The city has the main branch of the Findlay-Hancock County Public Library. The library was established on April 16, 1888, and was originally housed in the Hancock County Courthouse basement until it was able to move into an old post office building in 1935. The main library building was renovated in 1991, and again in 2009 after a major flood. The library announced in March 2019 it would end the process of charging late fees.

==Infrastructure==
===Transportation===
Findlay Airport is located 2 nmi south-southwest of Findlay's central business district.

Interstate 75, US 68 (northern terminus), and US 224 are major highways that pass through the city. State routes in the city of Findlay include: Ohio State Route 12, Ohio State Route 15, Ohio State Route 568, and Ohio State Route 37.
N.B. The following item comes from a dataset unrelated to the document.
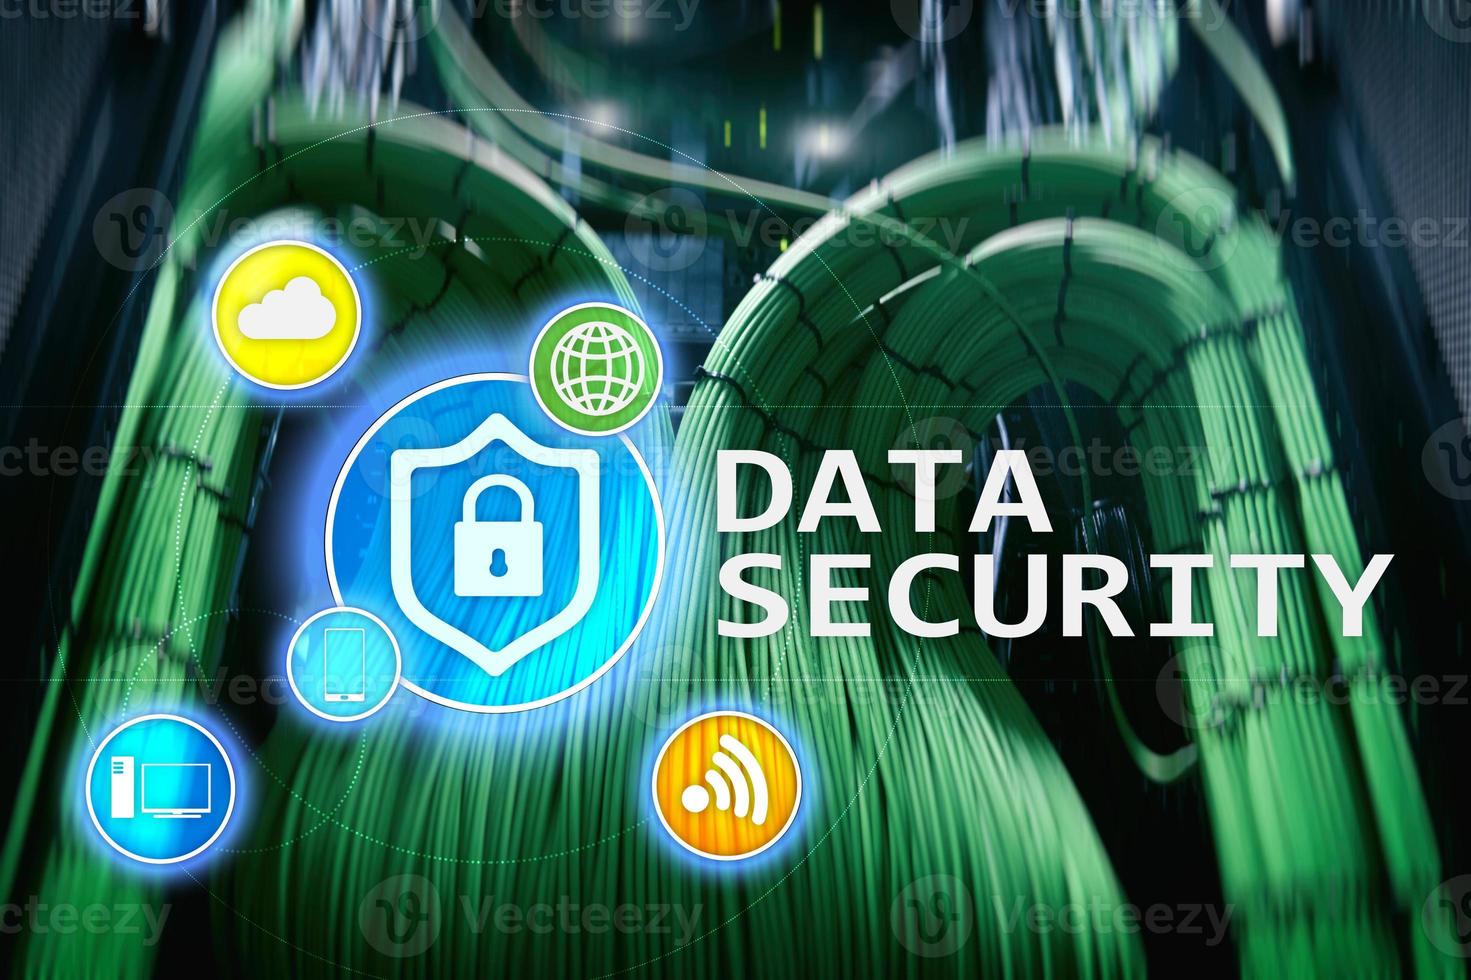 segurança de dados, prevenção de crimes cibernéticos, proteção de informações digitais. ícones de bloqueio e fundo da sala do servidor. foto

Historically, the Baltimore & Ohio, the New York Central, and the Nickel Plate Road operated passenger train service through Findlay. The last trains were the Nickel Plate's St. Louis–Muncie–Cleveland trains (#9, Blue Arrow westbound and #10, Blue Dart eastbound). These trains ended in 1959.

==Notable people==

- Peggy Kirk Bell, golfer, winner of the 1949 Titleholders Championship
- Willard Harrison Bennett, inventor of the radio frequency mass spectrometer
- Joshua Brodbeck, international concert organist
- Aaron Craft, college basketball player for Ohio State, Big Ten leader in steals
- Gavin Creel, Tony Award-winning Broadway actor and singer
- Russel Crouse, Broadway playwright, The Sound of Music, State of the Union and Call Me Madam
- Jo Ann Davidson, Ohio's first female Speaker of the House
- James C. Donnell, president of The Ohio Oil Company (now Marathon Oil)
- Marie Dressler, actress and silent film star
- Tennyson Guyer, Congressman
- Ray Harroun, race car developer and driver, and first Indianapolis 500 winner
- Cliff Hite, Ohio state senator, high school football coach of Ben Roethlisberger
- Michael Holmes, saxophonist
- Josh Huston, former kicker in the National Football League (NFL)
- Grant "Home Run" Johnson, Negro league baseball player and manager
- Yuki Kamifuku, professional wrestler for Tokyo Joshi Pro Wrestling
- John Kidd, former punter in the NFL
- Dave Laut, shot-putter who won bronze at the 1984 Summer Olympics
- Mark Metcalf, actor
- Marilyn Miller, Broadway star of the 1920s
- William Mungen, U.S. Representative, lawyer, Union Army colonel
- Dan O'Brien, cattleman and author
- Michael G. Oxley, Congressman (1981–2006), co-author of Sarbanes–Oxley Act, Executive Vice President of NASDAQ
- Lamont Paris, men's college basketball coach at University of South Carolina
- Tot Pressnell, pitcher for the Brooklyn Dodgers and Chicago Cubs
- James Purdy, novelist, short-story writer, poet, and playwright
- Howard Taylor Ricketts, pathologist who discovered the causative agent of Rocky Mountain spotted fever, Rickettsia rickettsii, which was also named after him
- Ben Roethlisberger, former quarterback in the NFL for the Pittsburgh Steelers
- Mike Streicher, racing driver
- Philip Sugden, artist and painter
- Tell Taylor, composer of "Down by the Old Mill Stream"
- Landon Tewers, musician known for The Plot In You
- Wilson Vance (1845–1911), American Civil War soldier awarded the Medal of Honor
- Chad Zerbe, former pitcher for the San Francisco Giants

==Friendship city==
The city currently has a friendship city agreement with Kawaguchi, Saitama, which began on August 16, 2018.